Modality: Ultrasonography
Origin: Egypt
04 /

Key Contributions

I
Explainable Multimodal Architecture
Parallel pretrained ViT backbones for modality-specific representation learning, followed by feature-level fusion and a lightweight MLP classification head. Designed to run on accessible imaging hardware without high-compute infrastructure.
II
Programmatic Pairing Strategy
Label-consistent pairing of mammography and ultrasound samples enables multimodal training from publicly available but natively unpaired datasets — removing the dependency on simultaneous dual-modality imaging sessions.
III
Grad-CAM Clinical Transparency
Integration of Gradient-weighted Class Activation Mapping produces visual heatmaps highlighting the anatomical regions that drove each diagnostic decision — providing interpretable evidence that frontline clinicians can evaluate and trust.
IV
Context-Specific Benchmarking
Detailed evaluation of performance trade-offs arising from dataset class imbalance in low-resource settings — surfacing real deployment constraints rather than reporting only best-case accuracy.
05 /

Results

MMIBC achieved 84% overall classification accuracy across three diagnostic classes (normal, benign, malignant) on the VinDr-Mammo and BUSI test sets. Qualitative explainability results confirmed that Grad-CAM attention maps align with clinically relevant anatomical regions — microcalcification clusters and lesion margins — rather than image artifacts or background features.
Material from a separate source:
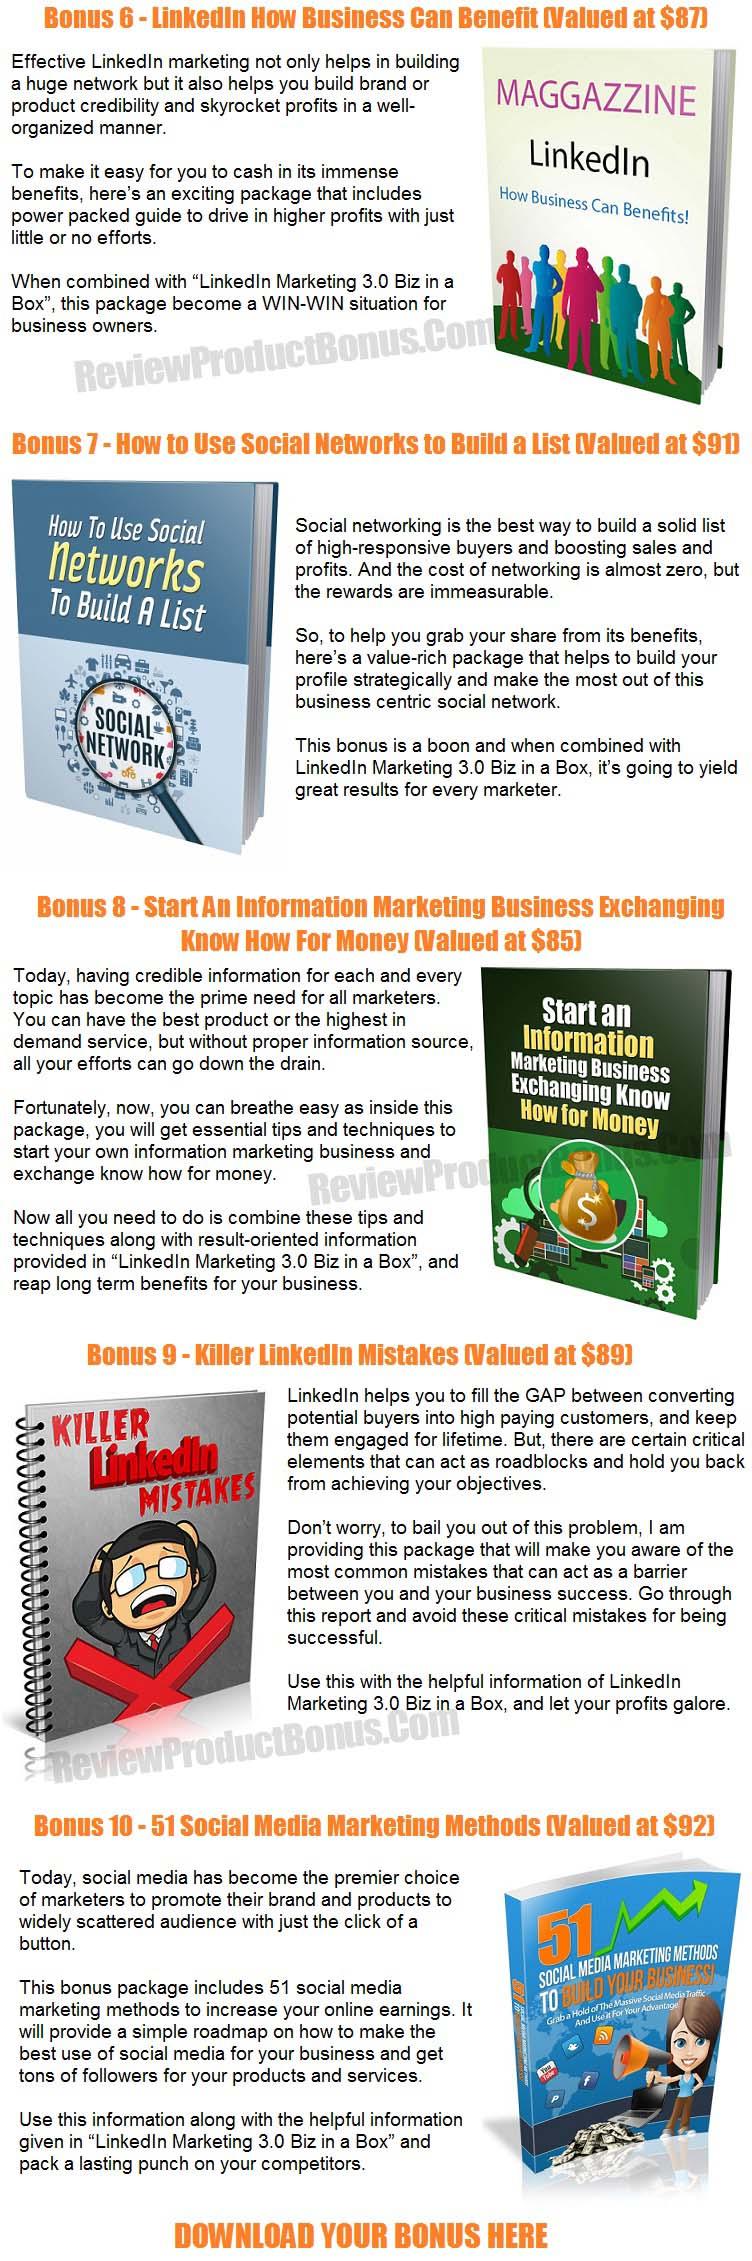 LinkedIn Marketing 3.0 Bonuses
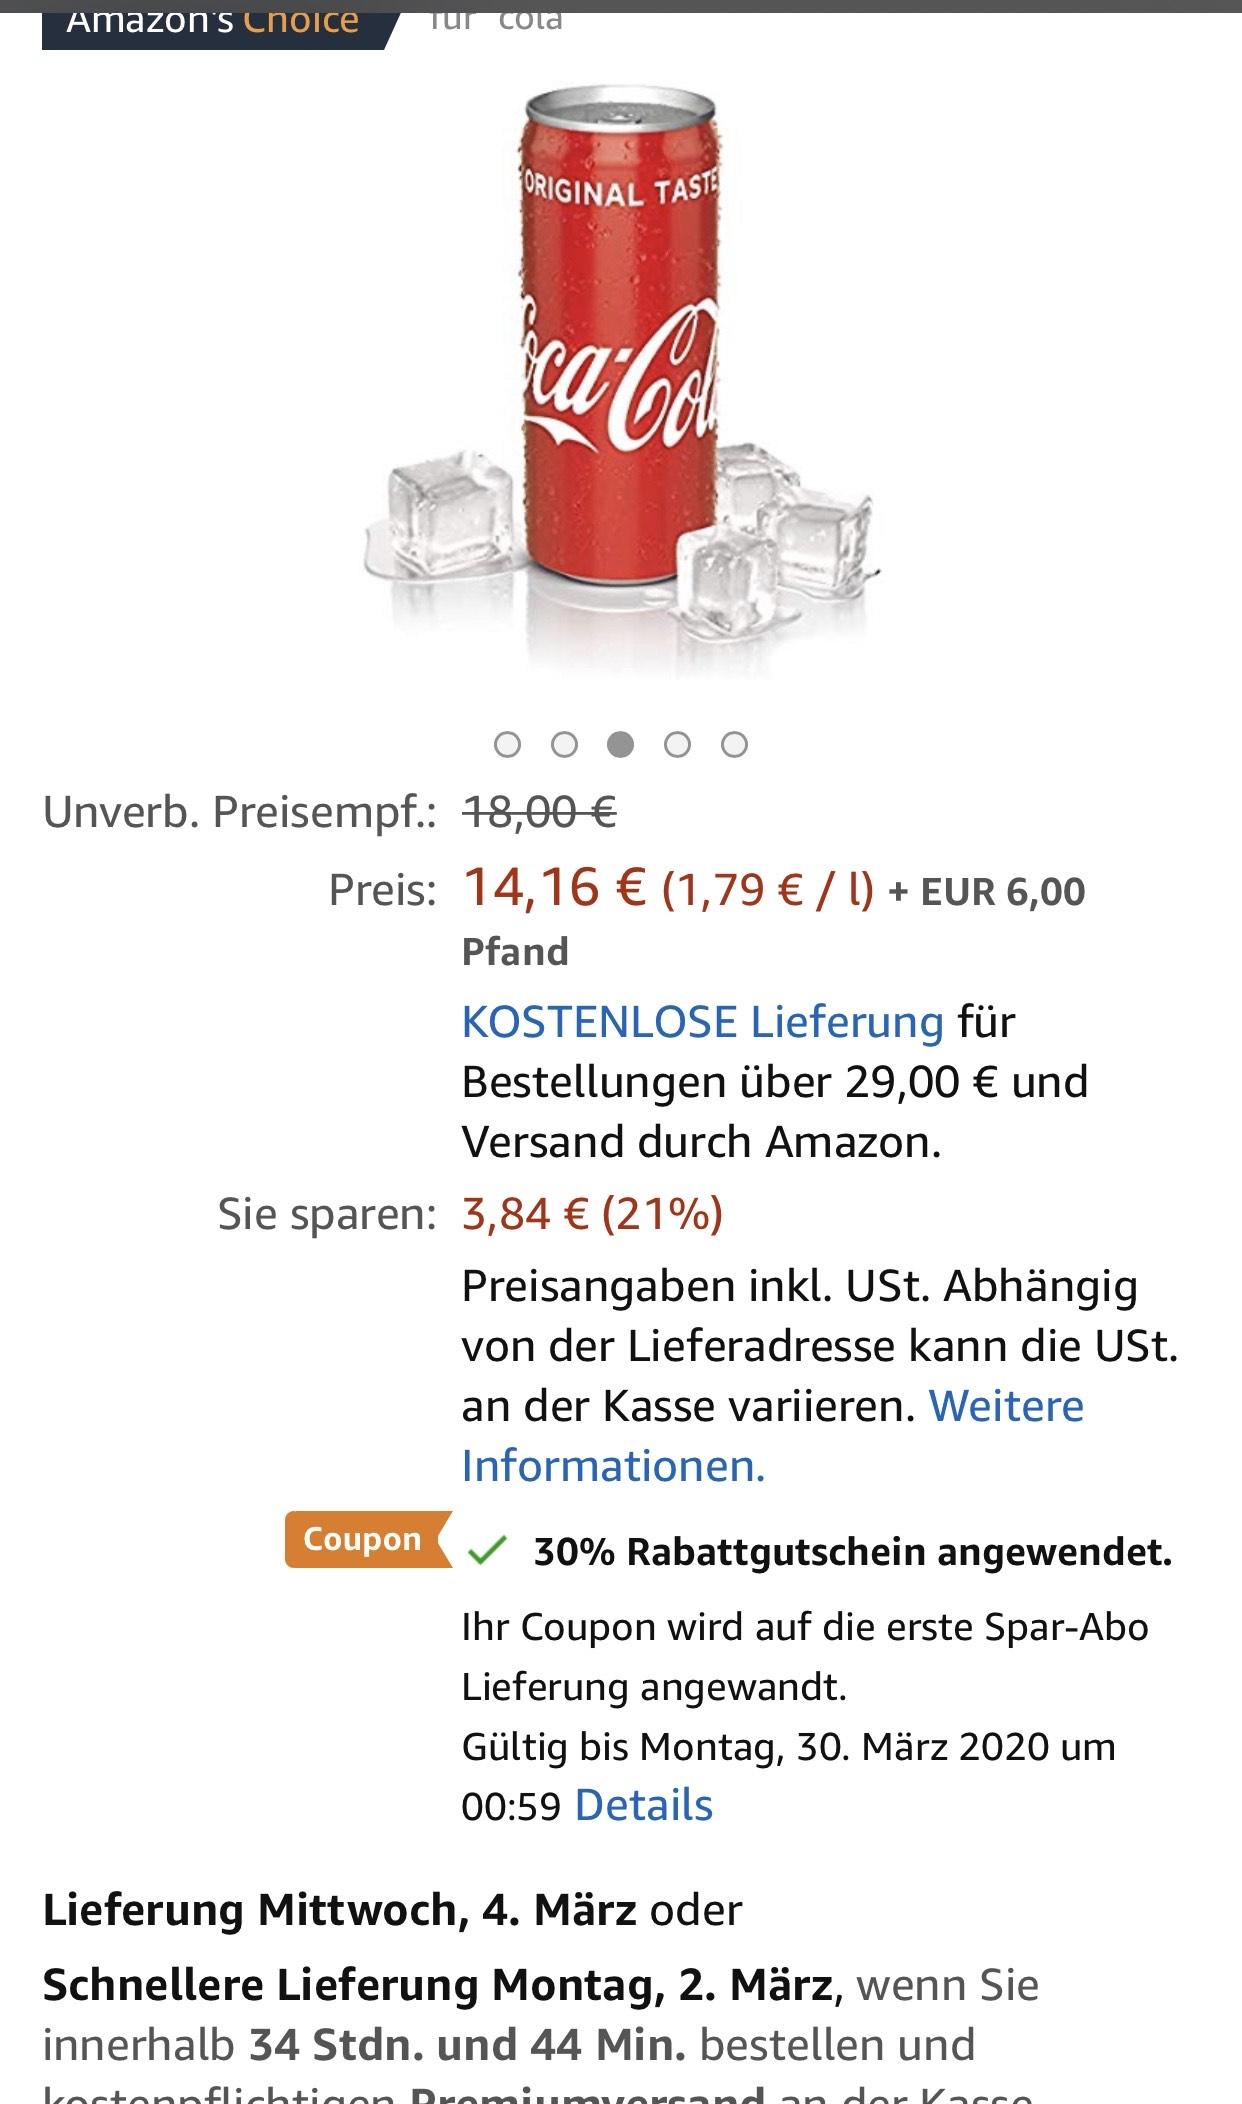 Amazon Coca Cola Classic 24*330ml -30%Rabattgutschein

Class Precision Recall F1 Score Notes
Normal High High High Well-represented class
Benign Moderate Moderate Moderate Boundary cases with malignant
Malignant Variable Variable Variable Impacted by class imbalance
Overall 84% Weighted accuracy

Explainability finding: Grad-CAM heatmaps consistently highlighted regions corresponding to known clinical indicators — microcalcifications in mammograms, hypoechoic lesion margins in ultrasound — confirming that the model's predictions are grounded in clinically relevant evidence, not spurious correlations.

Dataset imbalance — particularly for malignant cases — highlighted a critical real-world constraint: deployment in low-resource settings means working with skewed class distributions. The paper analyzes these trade-offs explicitly, which influenced the design of the evaluation protocol to go beyond aggregate accuracy.

06 /

Limitations & Future Work

The programmatic pairing strategy, while necessary and effective, is a proxy for true paired multimodal imaging. Future work should incorporate natively paired datasets as they become available. The class imbalance problem in malignant case detection warrants continued attention — oversampling strategies, focal loss formulations, and synthetic augmentation using diffusion models are all candidate approaches.

The framework was validated on African and Asian population data (Egypt, Vietnam). Extension to broader demographic datasets, particularly with West African imaging data where breast tissue density patterns differ, would strengthen clinical generalizability. Finally, prospective clinical validation with radiologist feedback loops is the essential next step before real-world deployment.